When I wrote the article on anti-nutrients, I allured to the idea that our perception of what food is, what should be and should not be classified as “healthy”, has changed drastically over the recent decades. Despite advances in technology and scientific research that have paved the way for us to have an in-depth understanding of food chemistry and its effects on our health, the same rise in scientific knowledge has given rise to a plethora of misinformation, peddled by people who may have vested interests in the food industry or by people who are neurotic influencers that gain a following through controversial and extremist content. In the end, I strongly believe that an acuity for truth and falsehood transcends science, and it is our responsibility to separate fact from fiction when controversy and confusion arise.   
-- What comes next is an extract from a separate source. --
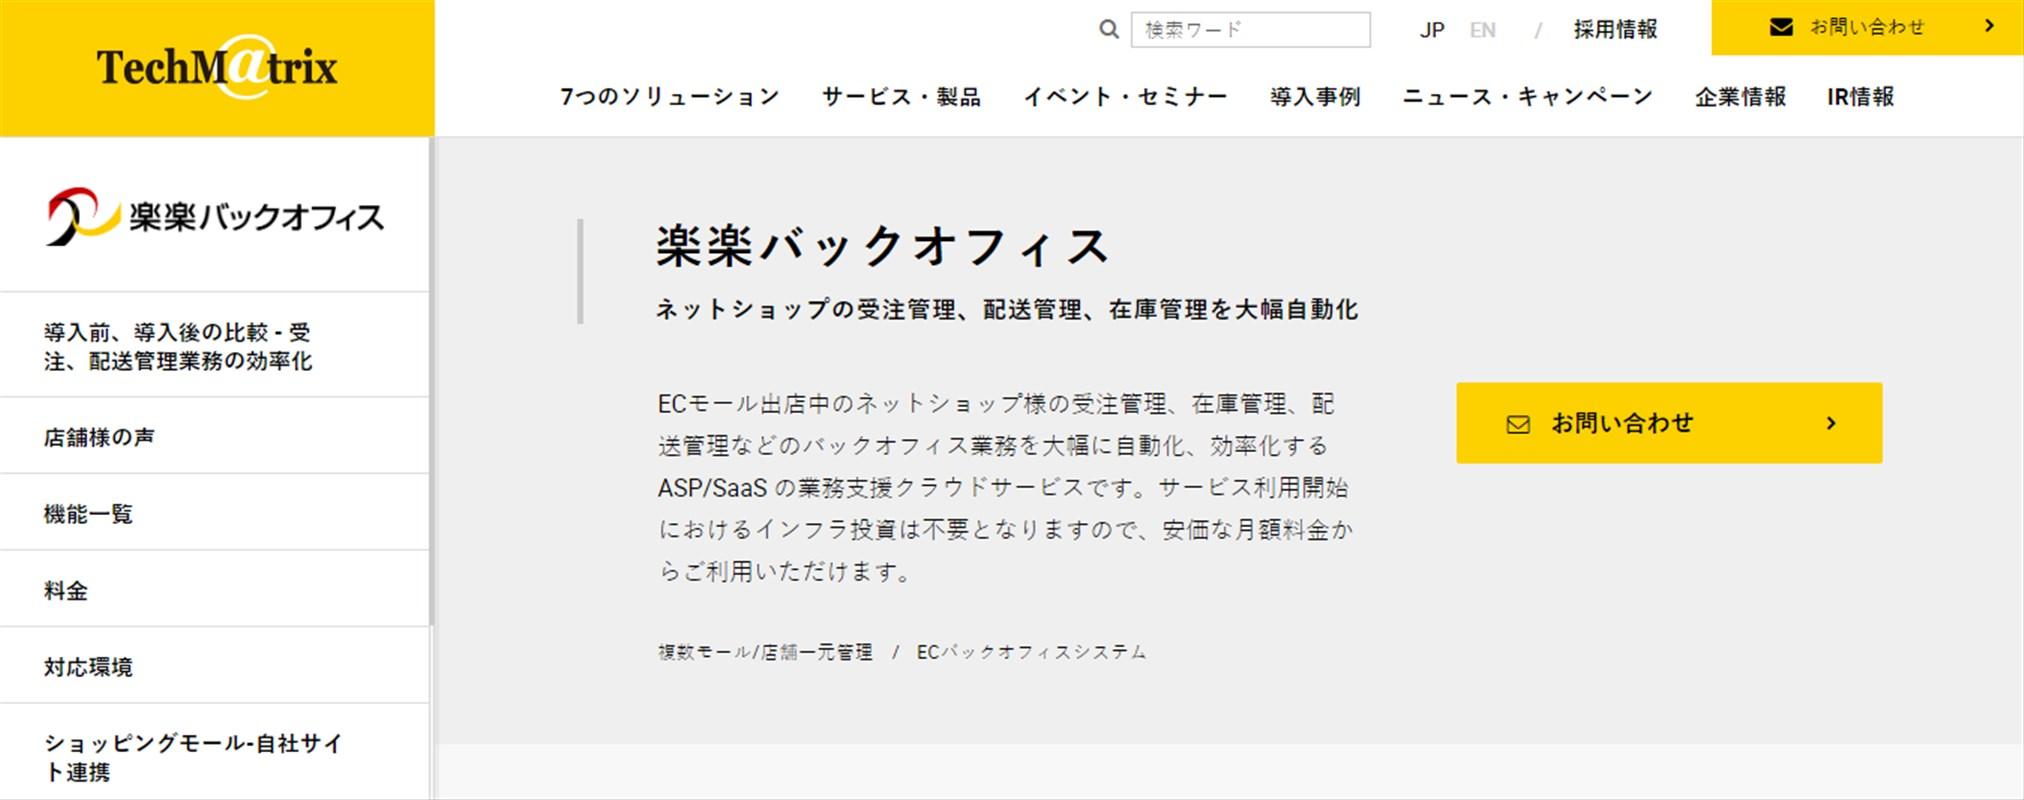 2019-03-29_10h46_12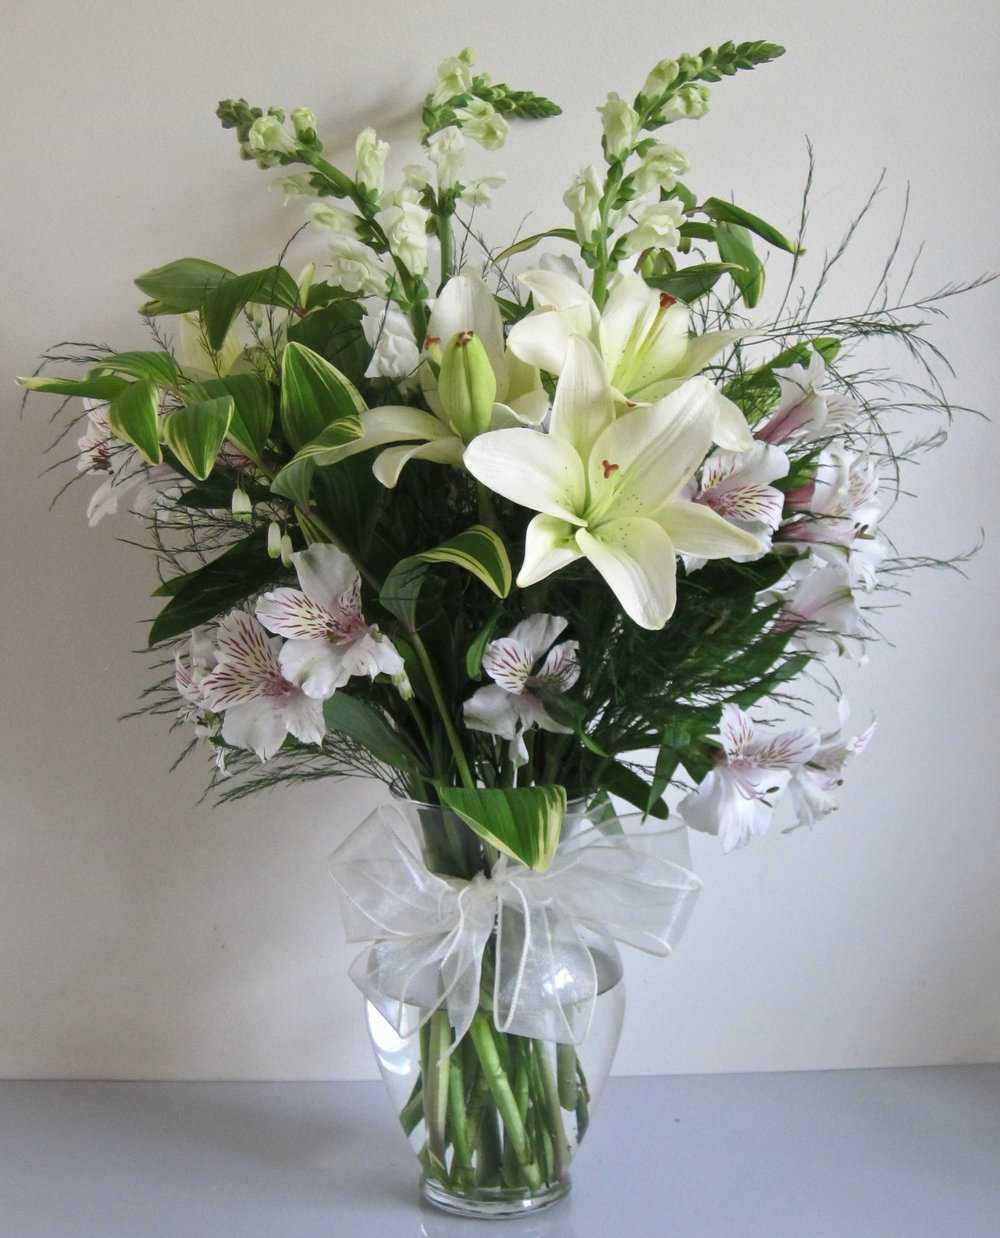 ALTAR ARRANGEMENTS can be done in vases or standing sprays. See Sympathy and Altar Arrangementsfor more samples.

To understand how critical certain foods are for humans, it’s important to look back in time, anthropologically speaking. Humans and our hominin ancestors have consumed meat for approximately 3 million years, as climate changes resulted in drier grassland and semi-forested region expansion, which resulted in a decrease in digestible plant foods but an abundance of grazing animals. Additionally, human genes have not changed since the paleolithic era and human beings, being animals, are influenced by the same environmental pressure as other animals. Therefore, changes in diet have had several important influences on our evolution, including cranio-dental changes (less emphasis on grinding and more on biting and tearing of flesh), bowel morphologic changes (stomach acidity and a reformed caecum and colon that cannot accommodate much fibre), and rising energy demands, which resulted in a heightened ratio between brain and body dimensions (Leroy et al, 2023) & (Pereira & Vicente, 2013).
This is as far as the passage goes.